Tom Hanks (O Resgate do Soldado Ryan)

Ian McKellen (Deuses e Monstros)

Roberto Benigni (A Vida é Bela)

Edward Norton (A Outra História Americana)

Nick Nolte (Temporada de Caça)

Ano muito polêmico para a categoria. Tem gente que despreza por completo o prêmio para Roberto Benigni (alguns, inclusive, definem o ator como o Didi italiano), mas A Vida é Bela estava em alta aquele ano e o ator ajudava a construir a emoção desse ótimo filme. Era meio improvável – e até meio exagerado – que Tom Hanks levasse um terceiro Oscar por O Resgate do Soldado Ryan. Principalmente por um trabalho que não merecia tanto reconhecimento. Era mais fácil, por exemplo, Ian McKellen vencer por Deuses e Montros. Mesmo que, na época, muita gente considerasse Hanks como uma forte possibilidade, ao meu ver, ele era carta fora do baralho.

2001 – MELHOR ATOR

Ed Harris (Pollock)

Tom Hanks (Náufrago)

Geoffrey Rush (Contos Proibidos do Marquês de Sade)

Russell Crowe (Gladiador)

Javier Bardem (Antes do Anoitecer)

Não seria nada injusto Tom Hanks receber um prêmio por sua dedicada e notável performance em Náufrago. Contudo, o ano, claramente, pertencia aos atores que ainda não possuiam a estatueta.

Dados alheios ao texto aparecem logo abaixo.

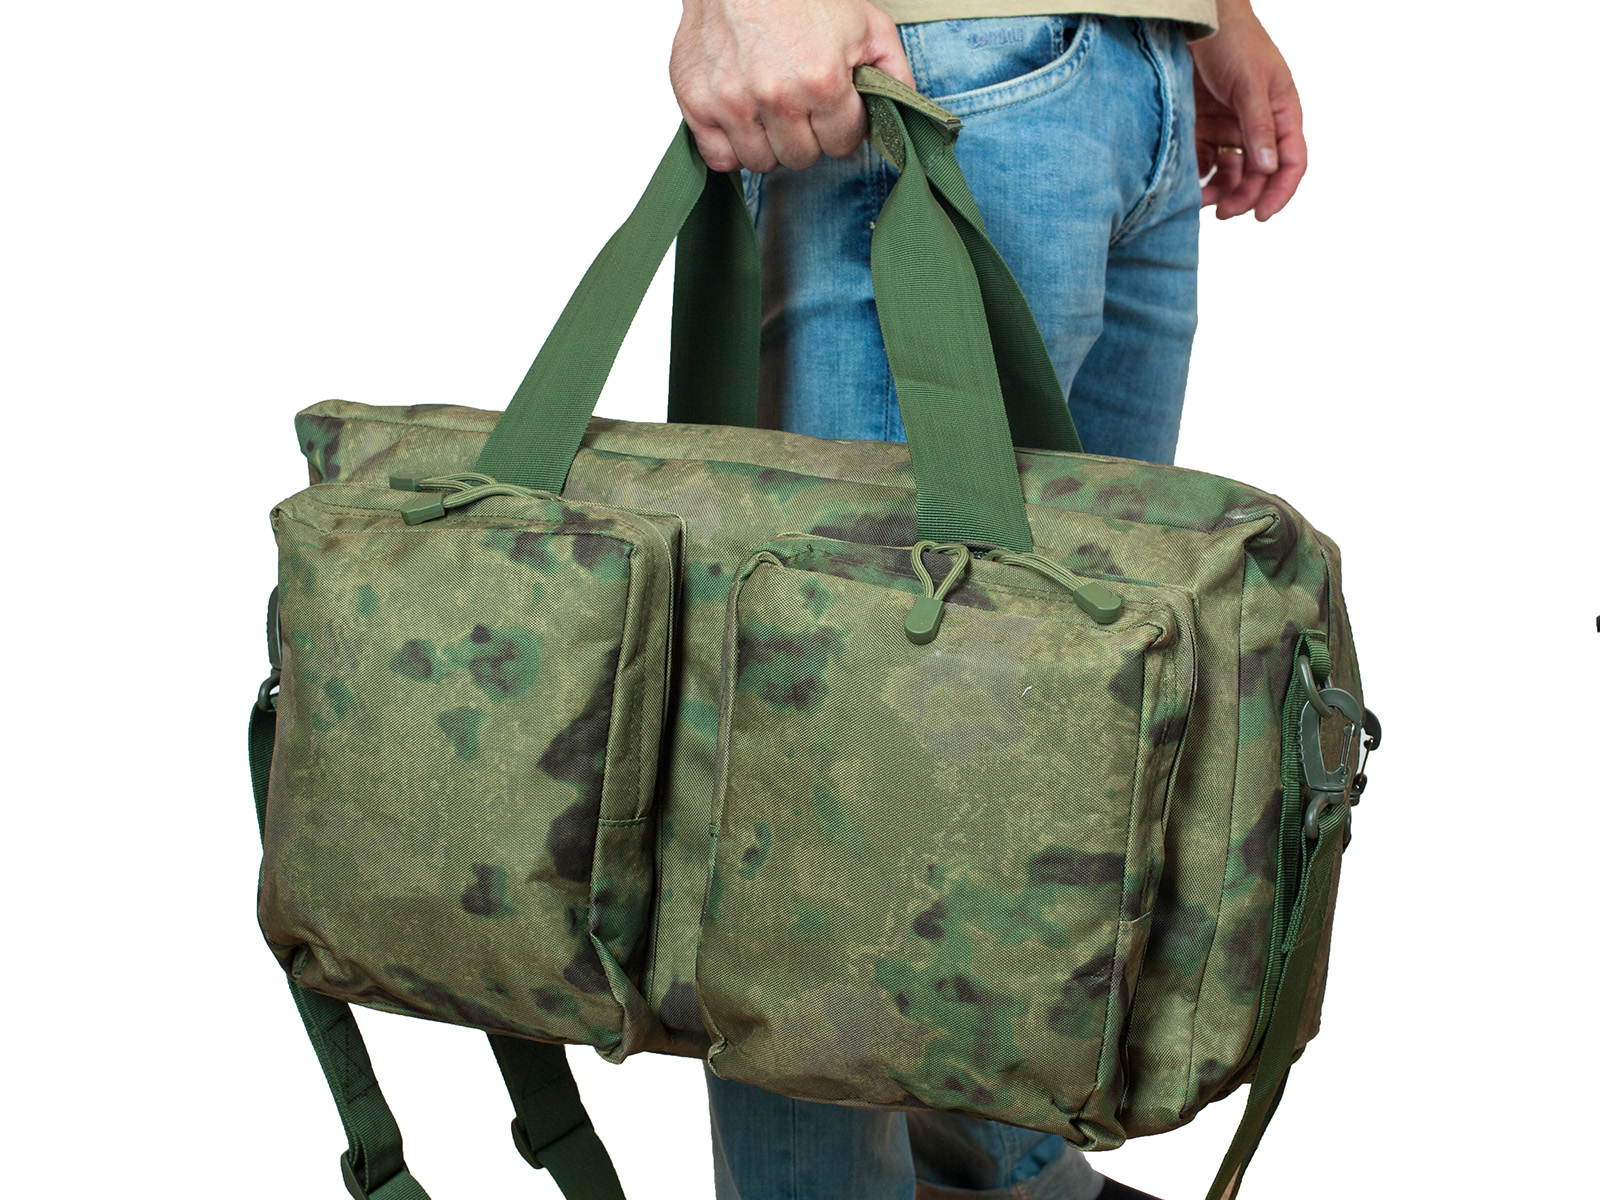 Заплечная камуфляжная сумка-баул ДПС 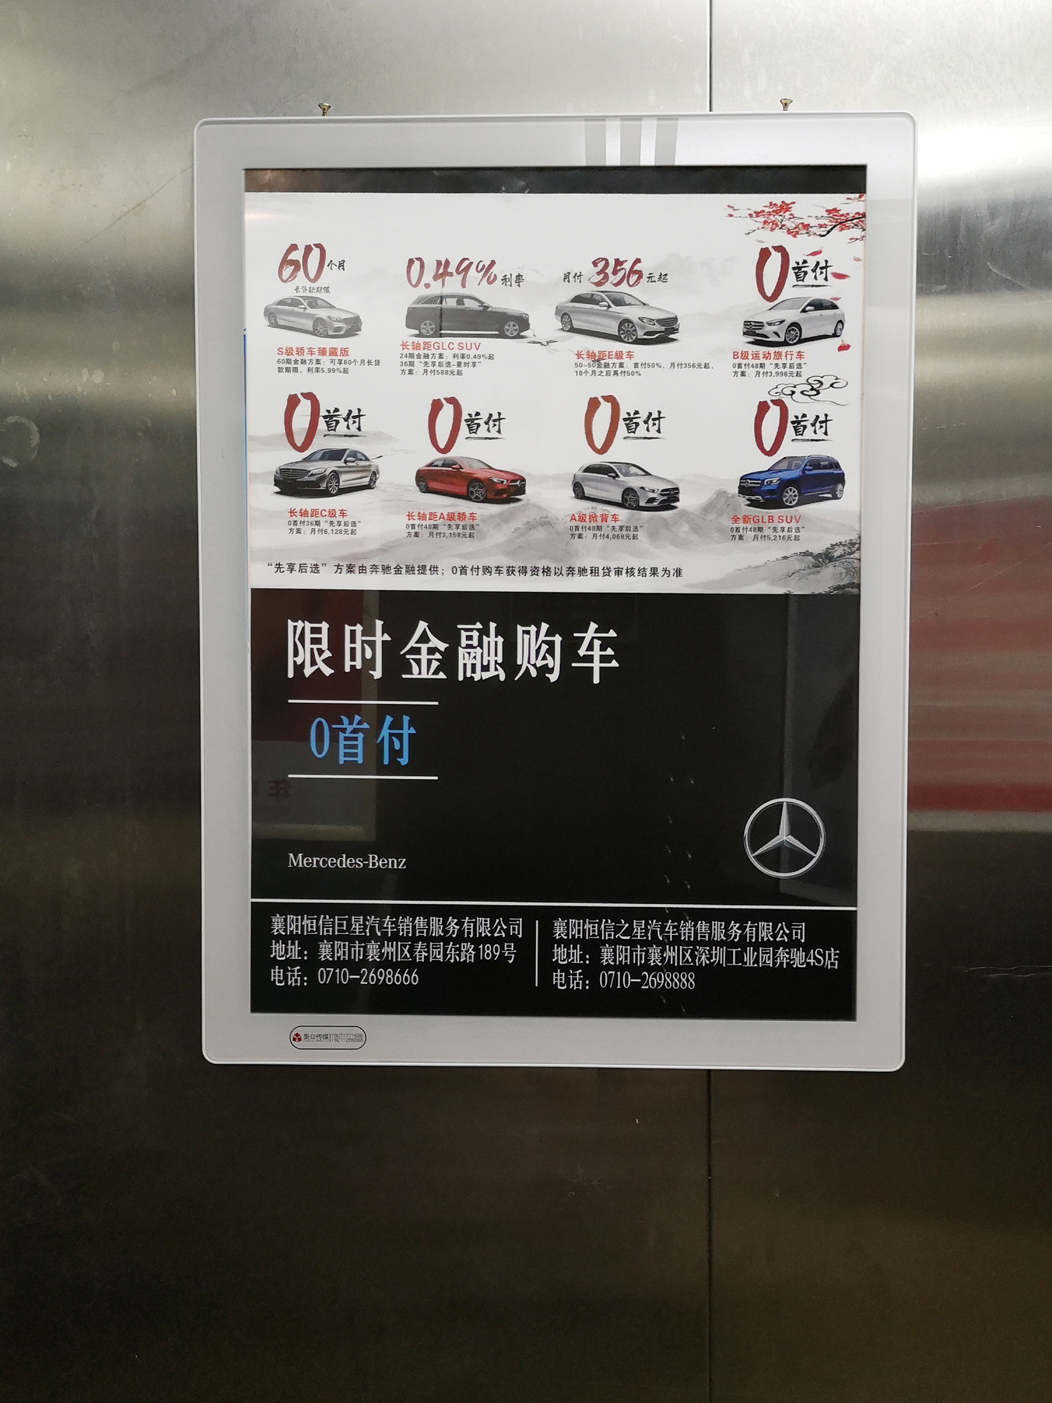  电梯广告在其他广告中有什么特点？

Se Ed Harris e Geoffrey Rush tinham papéis biográficos, Javier Bardem vinha cheio de vitalidade em Antes do Anoitecer e Russel Crowe estava começando a trilhar seus melhores momentos com Gladiador (ainda assim, seu trabalho em Uma Mente Brilhante é mais interessante). Não tenho um cadidato favorito, mas todos estavam em ótimo momento.